No entanto, por mais que o trabalho comprometa a produtividade (em qualquer das circunstâncias) ele é um trabalho qualificado, que por sua vez qualifica o modo de produção capitalista, por mais que este trabalho seja “improdutivo” e não esteja diretamente ligado à produção, mas de algum modo realiza a função de manter a estabilidade da ordem social, como é o caso dos empregados domésticos que são responsáveis por tomar de conta do patrimônio familiar, enquanto seus contratantes fazem parte diretamente do processo produtivo, como patrões ou como assalariados.

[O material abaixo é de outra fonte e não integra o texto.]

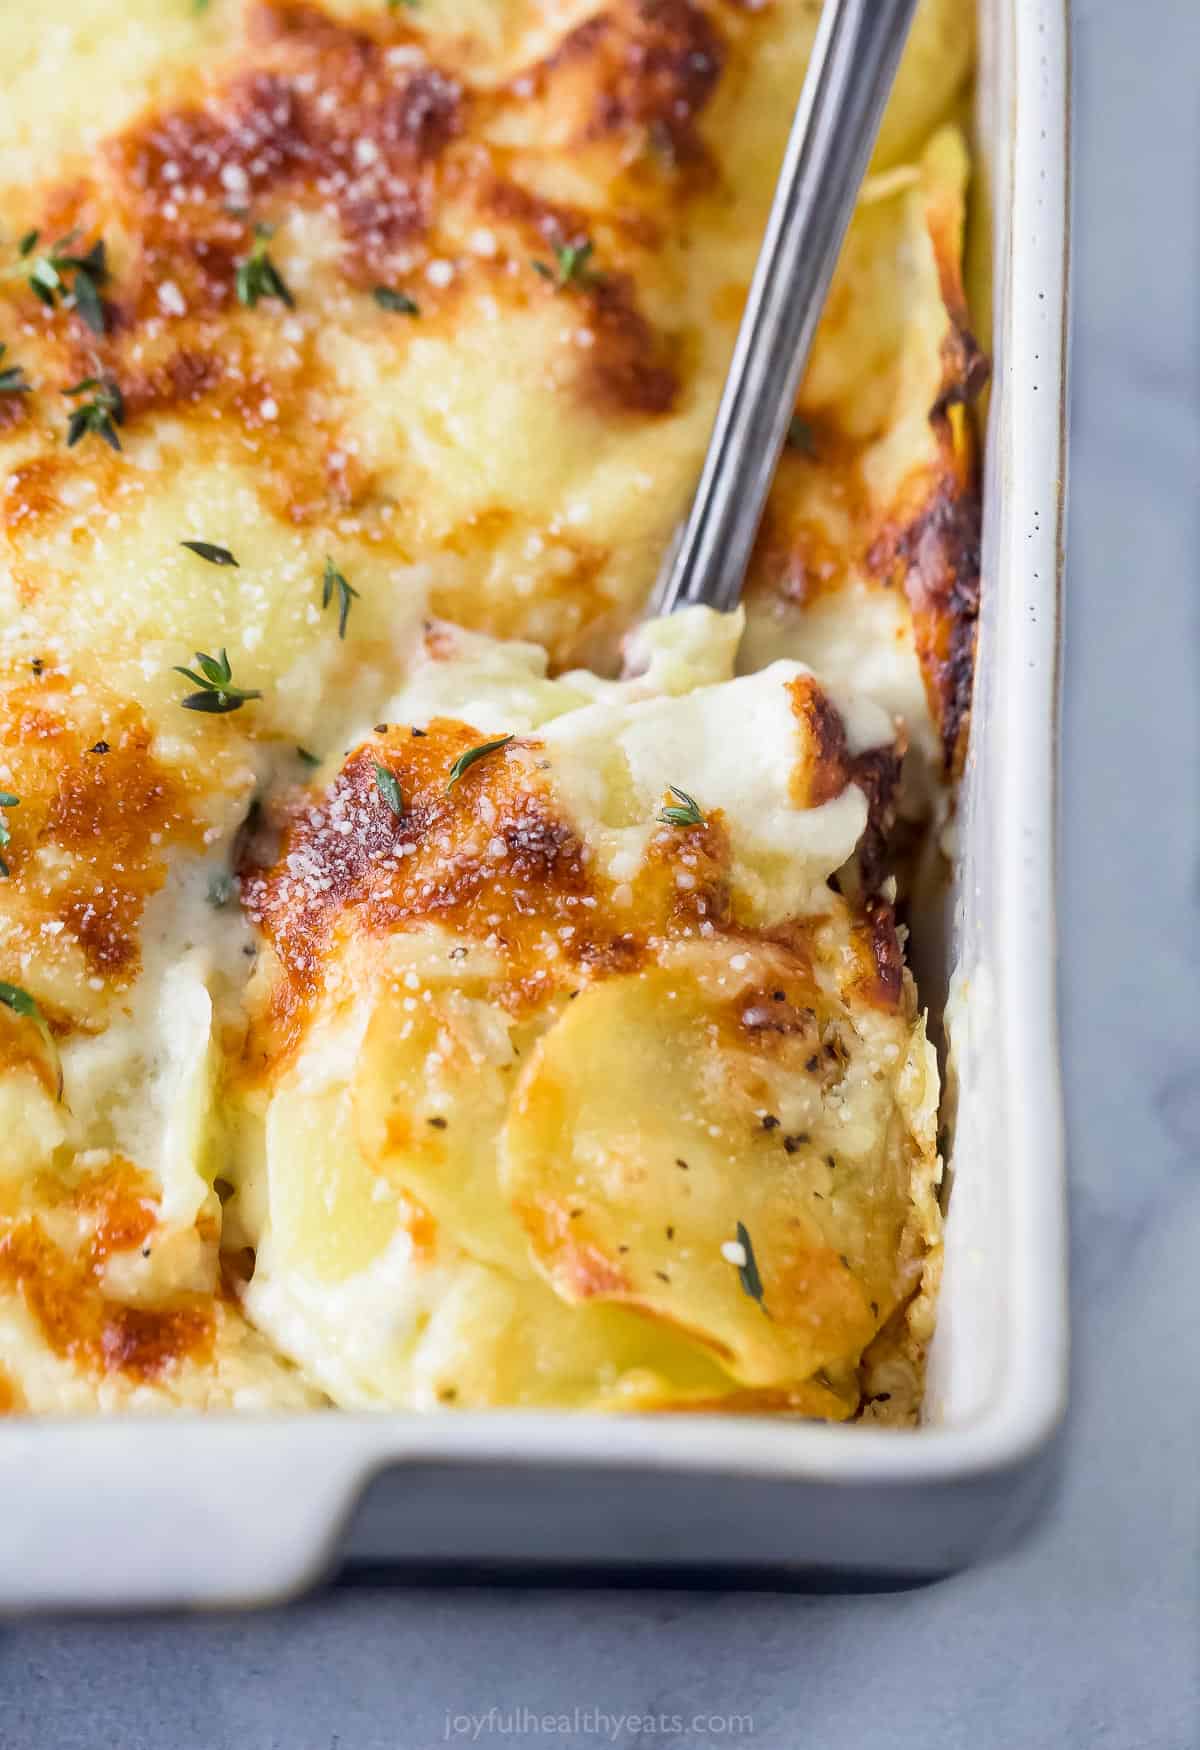 spoon scooping cheesy scalloped potatoes
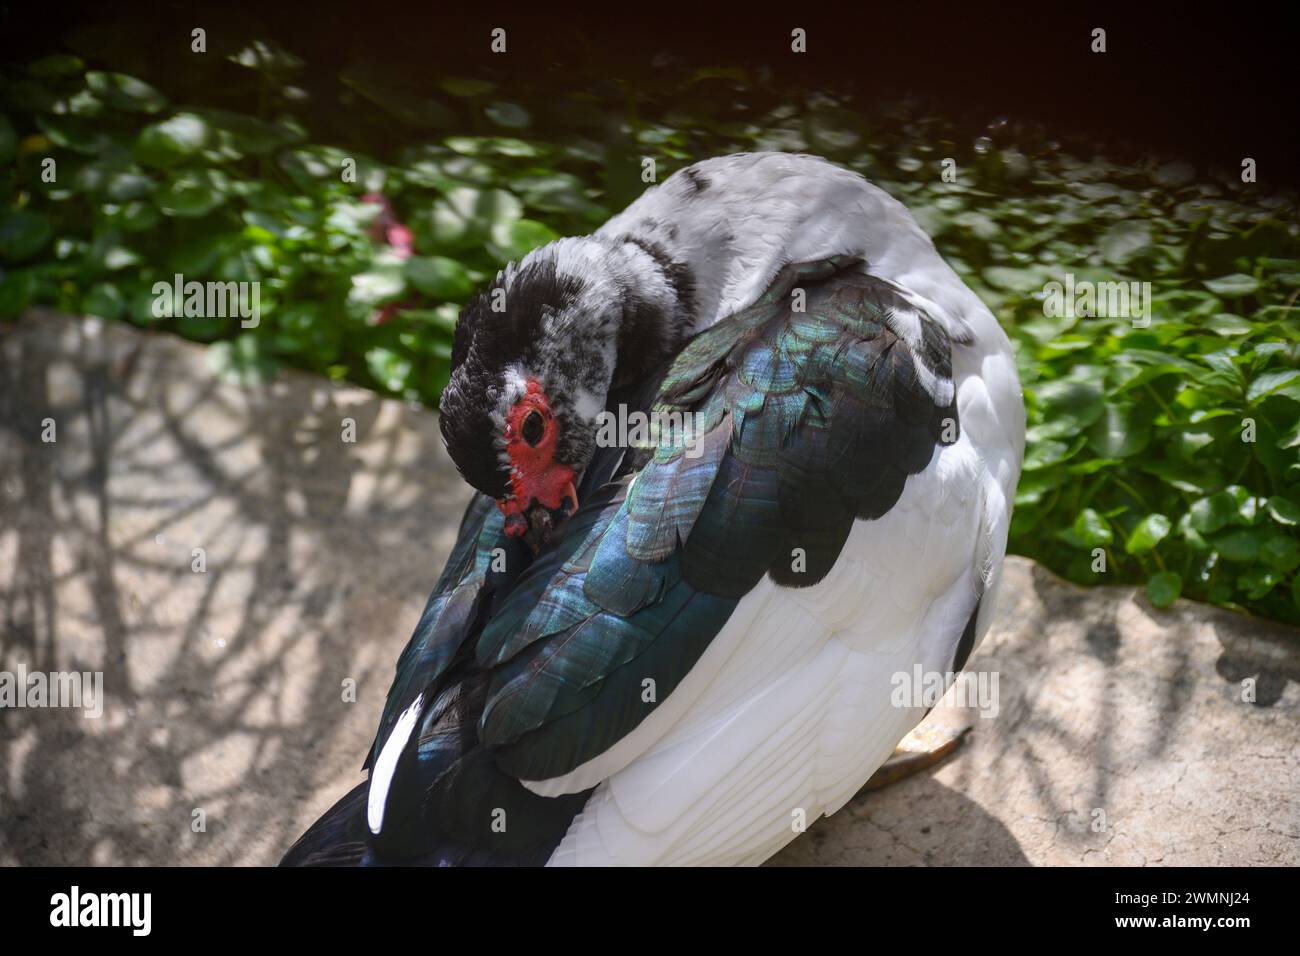 Muscovy duck (Cairina moschata) close up The Muscovy duck, also known as the Barbary duck, is a tropical duck that has been domesticated. It is reared Stock Photo

O trabalho produtivo por sua vez, é compreendido pela atividade laborativa que o trabalhador realiza diretamente na materialização do produto final que se constituirá em mercadoria. No entanto, há toda uma máquina produtiva que realiza este processo de diferentes maneiras. Antunes (2003, p. 58) exemplifica que “este trabalha mais com as mãos, aquele trabalha mais com a cabeça, um como diretor (manager), engenheiro (engineer), técnico etc., outro, como capataz (overloocker), outro como operário manual direto ou inclusive como simples ajudante”.